I had been on the job for about three years, when I had first met Lonnie O’Malley in person. Back before I was a gumshoe and he was a mob boss, I was a patrol cop and he was a two-bit crook. I had heard his name around the Ensley neighborhood that I patrolled. I knew he was a bookie, and I knew that he was trying to muscle in on the Ganato family numbers racket in Birmingham’s North Side. He was of no consequence to me, just one more hood in a part of town full of petty criminals, each with their own plan, their own angle. In time, though, Lonnie would stand out.
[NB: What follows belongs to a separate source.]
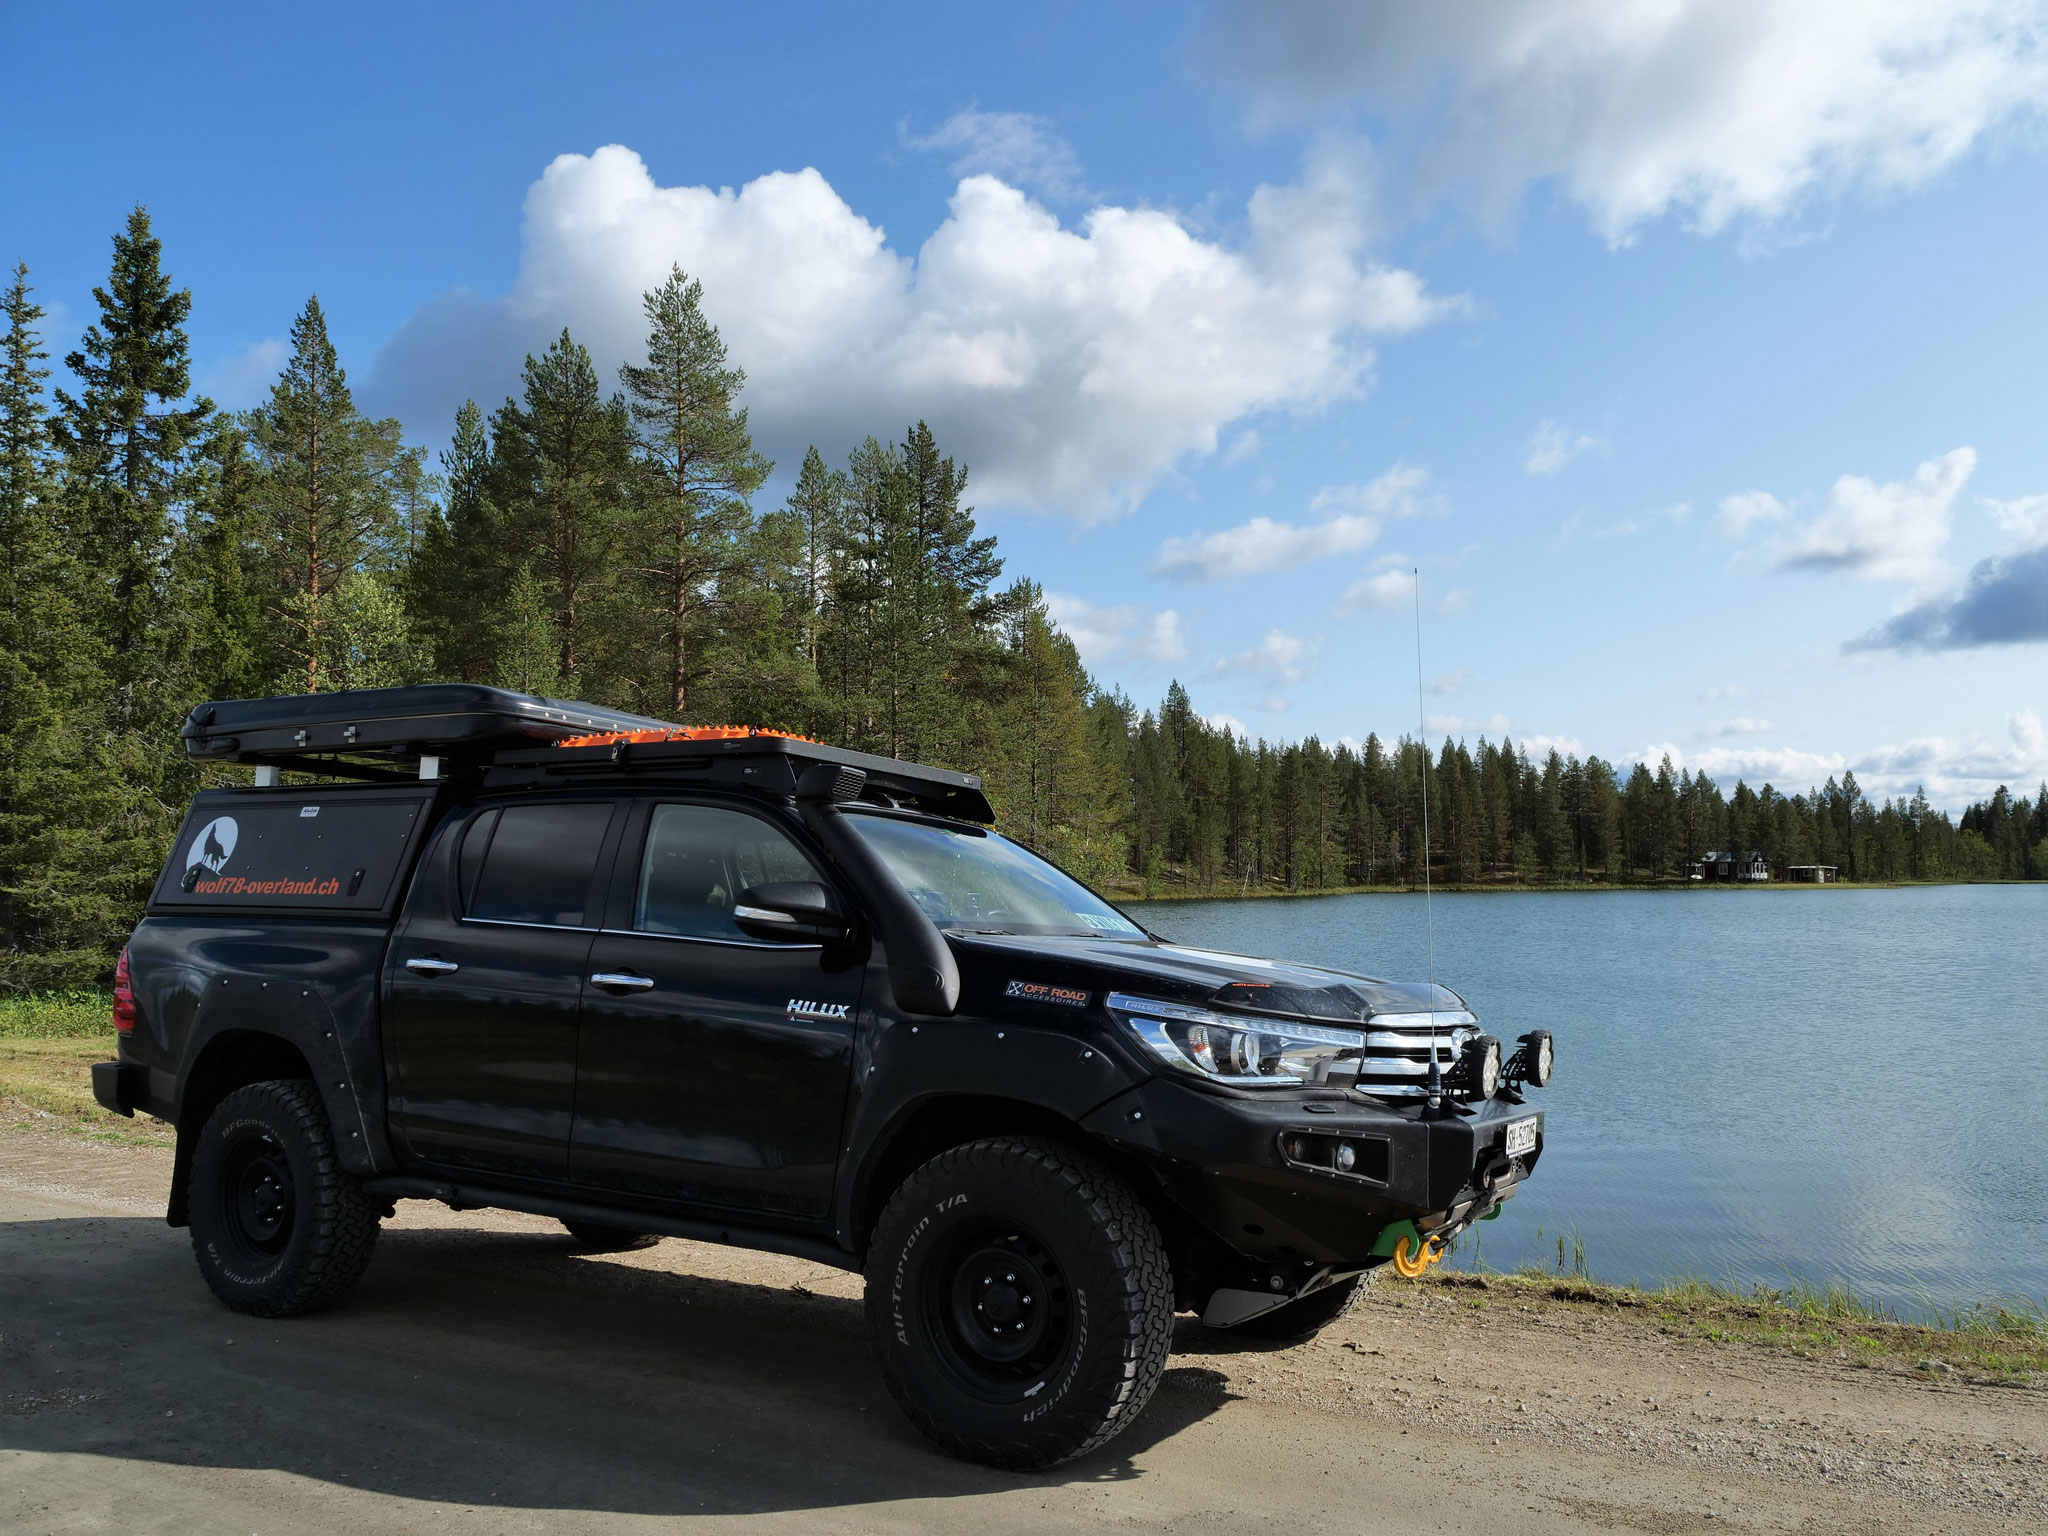 Toyota Hilux AFN Roof top tent Dachzelt Frontrunner Rocksliders TJM Snorkel Revo #ProjektBlackwolf 2016 2017 2.4 wolf78-overland.ch offroad 4x4 Rival James Baroud BFGoodrich 32 inc tires wolf78 ARB Alu-cab

About two-thirty one morning, fate brought Lonnie and me together. I spotted a brand new Lincoln cruising near the projects, going slow, trying a little too hard to obey the speed limit. I lit it up and asked the two occupants what they were doing skulking around Ensley at that time of the morning, Those occupants were two well-dressed thugs from Don Ganatos family, and while they were trying to give me contradictory stories in explanation, I heard muffled cries coming from the trunk.
 

I called for backup and got the two guys in handcuffs, and disarmed them. They didn’t resist. They seemed to think all of it was a big joke. As it turned out, they were back on the streets in eight hours. The driver’s name was Francis, but that’s another story. When we finally got the person out of the trunk, it had turned out to be a much disheveled young Lonnie O’Malley. The Longshot moniker came along sometime after that, although his getting rescued that night had been a long shot, indeed. The guys in the Lincoln had caught him making book in Ensley projects on their turf, he confessed, and so had decided to take him for a little ride. As I gave him a ride to the station, he had given me his good luck charm, a silver poker chip pierced by a bullet hole.
 

“This good luck charm,” he told me, “saved my uncle Big Thom O’Hearn’s life, and he made a gift of it to me when I came to the States. I have to pass it on to you, to keep the luck going.” Lonnie apparently reasoned on that night that the charm, and not me, had saved his life. By passing it on to me, he was passing the luck on to me, too. I started to give him the usual song and dance about police officers accepting gratuities, but in the end, I took the thing because it was important to this scared kid, whom I hoped would see the light and stay away from crime. I took his statement and later dropped him off at home, never dreaming who and what he would later become.

I had often, since that night, had cause to regret pulling over that Lincoln. I sometimes wonder what the city would be like if those two Ganato hoods, Francis and his buddy, had gone on to whatever dark alley that awaited them and ridded the city, once and for all, of the strange creature that was Lonnie O’Malley. But I couldn’t let them do that, of course. No way, and remain one of the good guys.

Lonnie and his lucky Uncle, Big Thom O’Hearn, ended up dominating the numbers rackets in Birmingham when the racetrack was big. Don Ganato and Big Thom, both reasonable men as criminals go, reached a peaceful accord that carved up the city into crime zones. Don Ganato took the liquor and prostitution and union payola, and Big Thom got the greyhounds and the NASCAR and the football and whatever else book there was to make. This worked well as long as both men were alive, because both were Old World, and honor meant something.